O menino de seu pai!!! c)
Ana –Estive com o Carlos e o Joaquim na piscina. Os
outros tinham ido a qualquer lugar. Nada ouvi. Não gostava do pai… O José,
bem… esse era só peneiras. Mas não era mau rapaz. d)
Armando - Eu saí da piscina com a Marília, eram para aí… dez e dez ou dez e
um quarto, não sei bem. Como não posso nadar, por causa de uma deficiência
que tenho desde criança no braço direito, fui para o meu quarto ouvir música,
assim que eles acabaram os campeonatos. O «velho» não me podia ver! Ele
queria que eu fosse como o José, mas, não via que eu mal podia mexer o braço.
Era incapaz de ver que eu não tinha culpa. O meu irmão era o menino bonito do
«velho». Por isso era peneirento e hipócrita. Não,
não ouvi nada. e)
Marília – Saí com o Armando, da piscina. Fui tomar banho, pois tinha um
encontro marcado para as 11 horas, em Lisboa. Fui para a casa de banho.
Embora a casa de banho fique no mesmo corredor que o escritório, a verdade é
que não ouvi nada. Talvez por causa do barulho do chuveiro. Não, não gostava
do «velho»… era muito severo. Vivia noutra época. O
José, esse não era mau tipo, embora muito orgulhoso. f)

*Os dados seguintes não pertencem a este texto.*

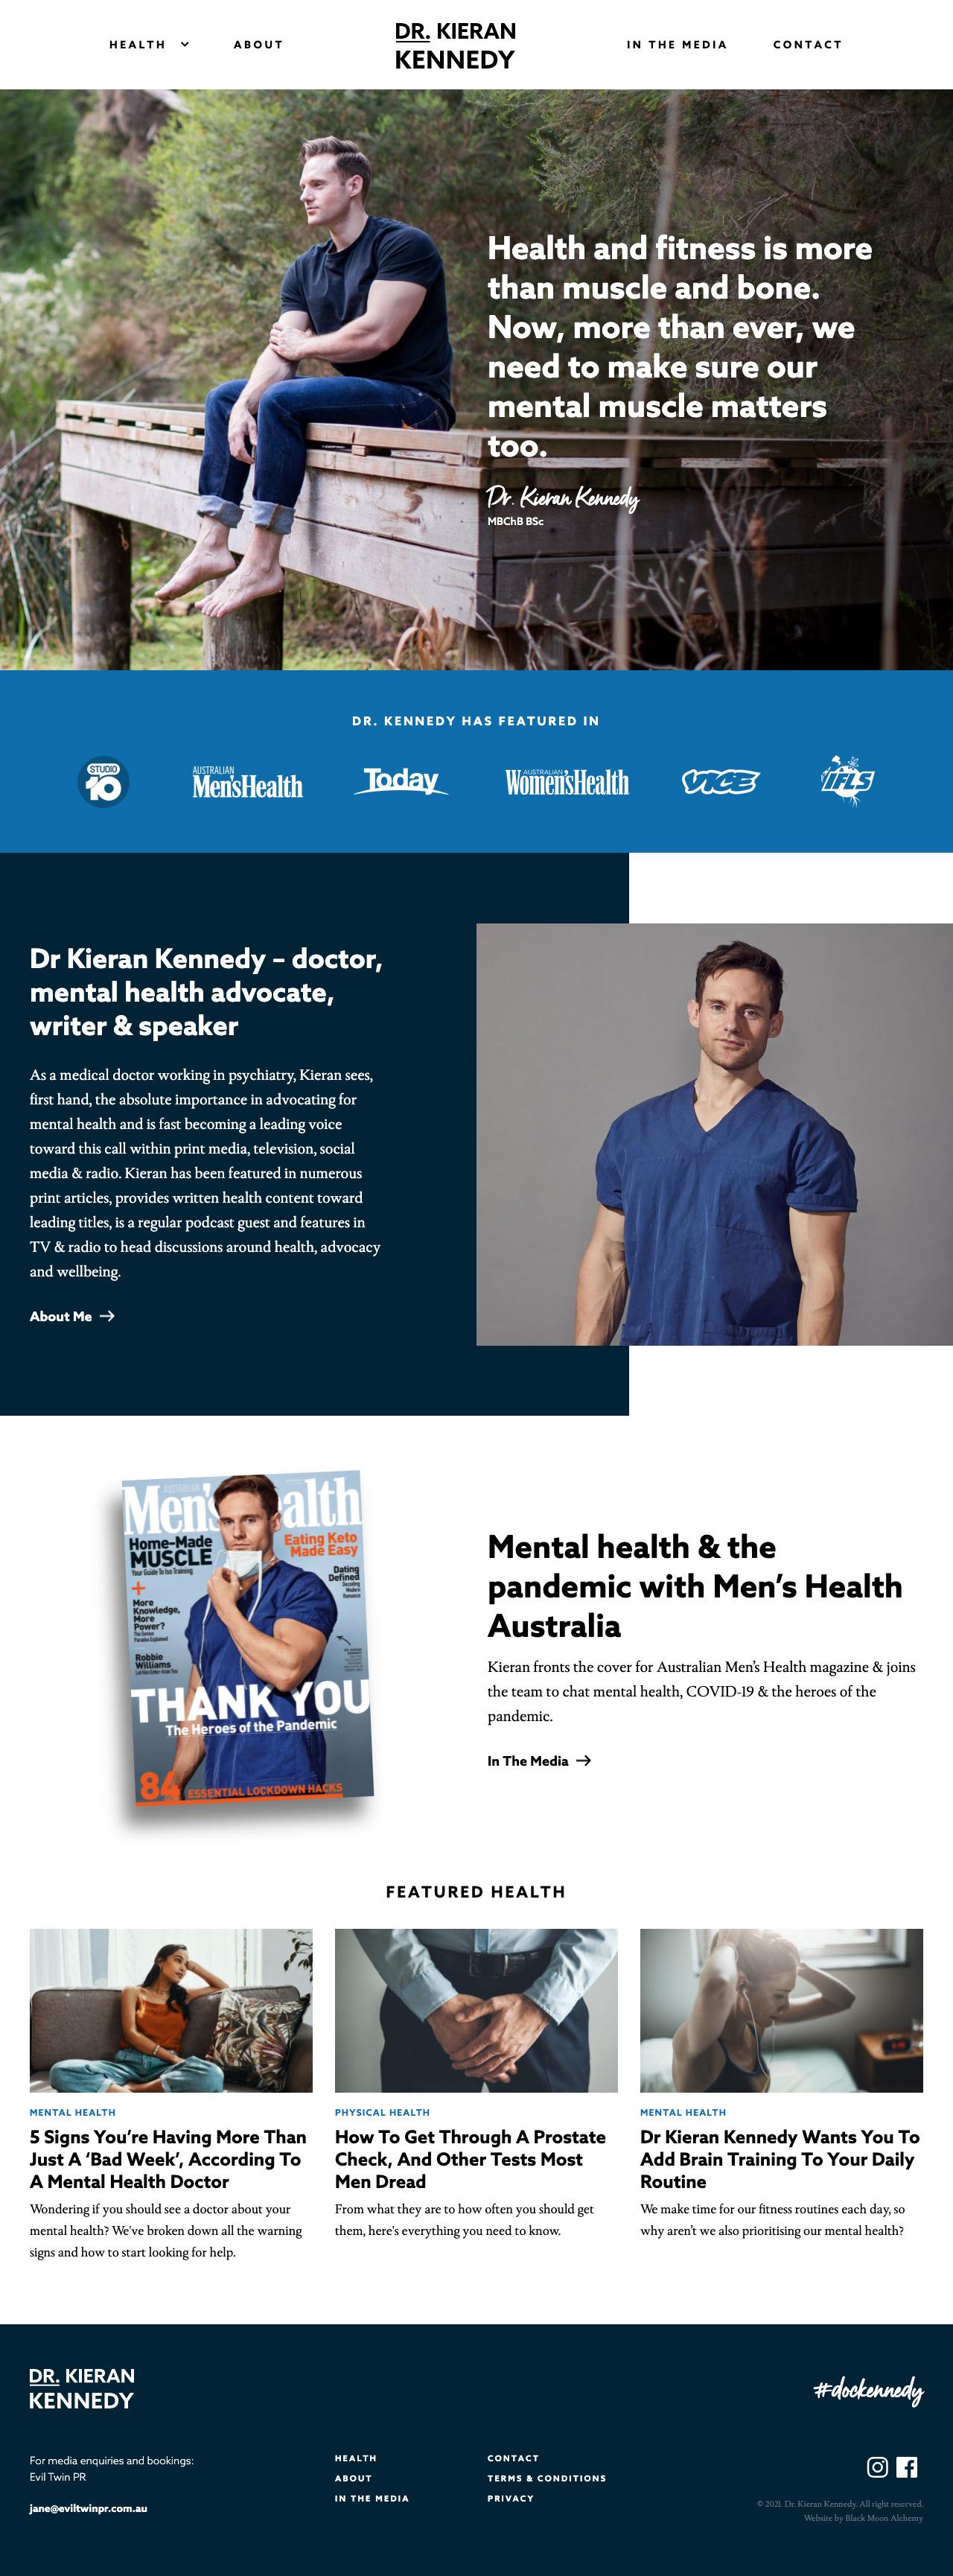 Dr. Kieran Kennedy website homepage
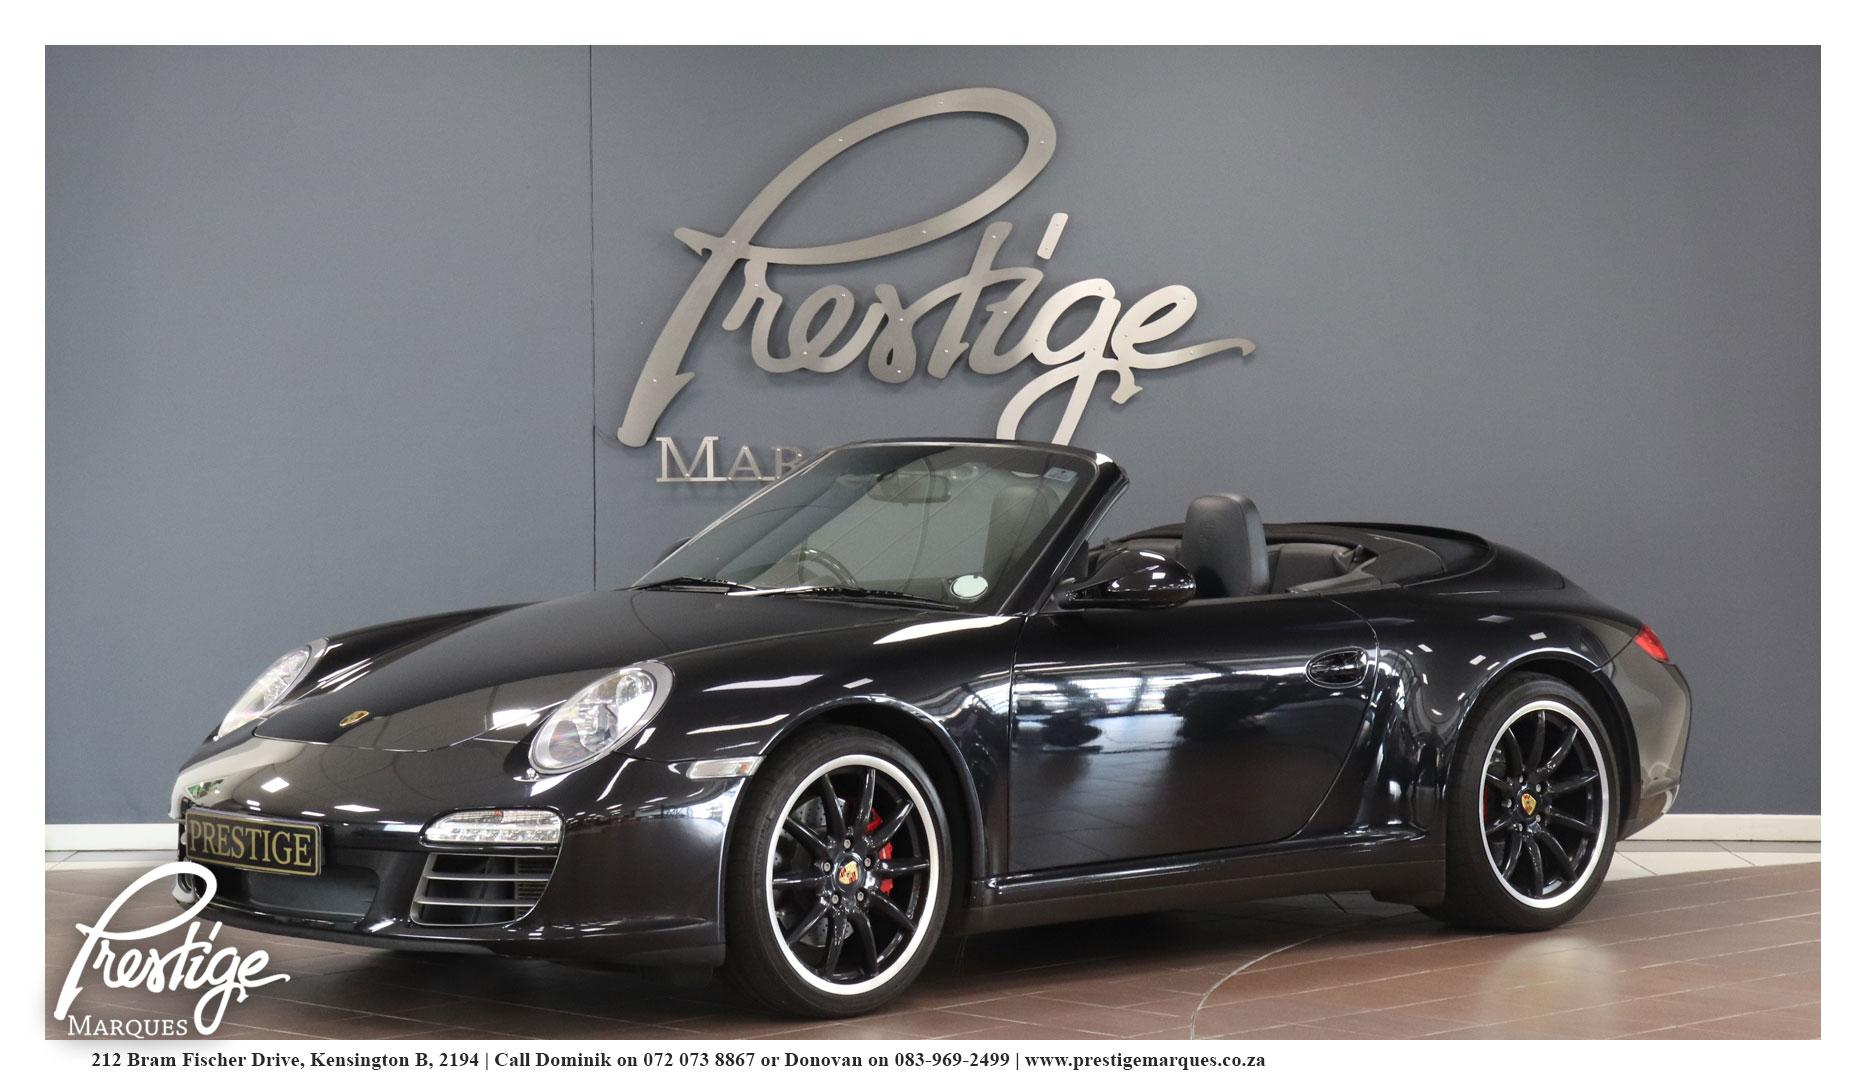 2009-Porsche-911- (997.2)-Carrera-4s-PDK Cabriolet-Prestige-Marques-Randburg-Sandton-13

Teresa – Saí da piscina por volta das dez e cinco. Fui lá para trás (apontou
para a retaguarda do casarão) ver os meus cães (tinha três grandes pastores
alemães). Aproveitei para dar dois dedos de conversa ao jardineiro, que tem a
mulher doente. Quando cheguei a casa, dei com o Pedro, o mordomo, a berrar e
a correr esbaforido… Não gostava do meu pai por ser muito antiquado… O meu irmão,
era «quase insuportável»… Nada ouvi. g)
Jardineiro – Sim, estive a falar com a menina. Eram umas dez, dez e pouco… Falámos
durante quase um quarto de hora. Depois ela foi ver os cães e não a vi mais.
Não ouvi, nem vi nada. h)
Pedro, o mordomo – Fui ao escritório levar o pequeno-almoço ao senhor. Como
sempre, eram precisamente dez horas e trinta minutos. E deparei com aquilo
(chora). A porta estava, como é hábito, encostada. O senhor era uma pessoa
muito difícil e creio que nenhum dos «meninos» o chorará… Tinha uma mania
terrível, que consistia em estudar as origens da sua família. Descobriu, por
exemplo, que nunca tinha havido um inválido na família. Por isso não gostava
do «menino» Armando. Passava a vida a dizer que desde que ele conhecia a
história do família, desde 1700 e tal… Por outro lado, a «menina» Teresa
queria casar com um rapaz de Oeiras, mas, o senhor proibiu-a… Nunca soube
porquê! A «menina» Marília, gosta muito de cinema, mas, o senhor berrava com
ela, dizendo que desde 1700 e tal que a família tinha passado sempre sem
cinemas… E assim por diante. Tinha um génio terrível! Eu,
conhecia-o perfeitamente… Desde o nascimento do «menino» José, era de quem o
senhor mais gostava. Talvez porque tinha sido também oficial da Marinha… Via
no filho a sua imagem, anos antes. Mas, o senhor andava muito desconfiado
ultimamente! Imagine que fez um alarido tremendo quando a sua arma se
encravou, já lá vão duas semanas. Saiu nesse dia, tão furioso que nem avisou
o motorista. Eram para aí umas quinze horas… Só regressou às vinte e duas
horas. Não disse nada a ninguém, mas eu ouvi-o a experimentar a arma… Ouvi
uns «clicks»… Mas, espere lá! O senhor tinha naquele armário a
licença. Venha ver!... 7
– A licença tinha o número da arma: 658391. O número da arma encontrada
debaixo da sua mão tinha o número 650004. Não conferia, pois. Consultei o
ficheiro da Judiciária e não figura qualquer arma com este número. Uma arma
clandestina. Nem no ficheiro das importações de armas de defesa. Penso, pois,
que ele terá ido a um armeiro de poucos escrúpulos, onde mandou consertar a
dele… Provisoriamente, o armeiro deve ter-lhe dado uma que não pudesse vender
legalmente. A troca definitiva, parece-me impossível…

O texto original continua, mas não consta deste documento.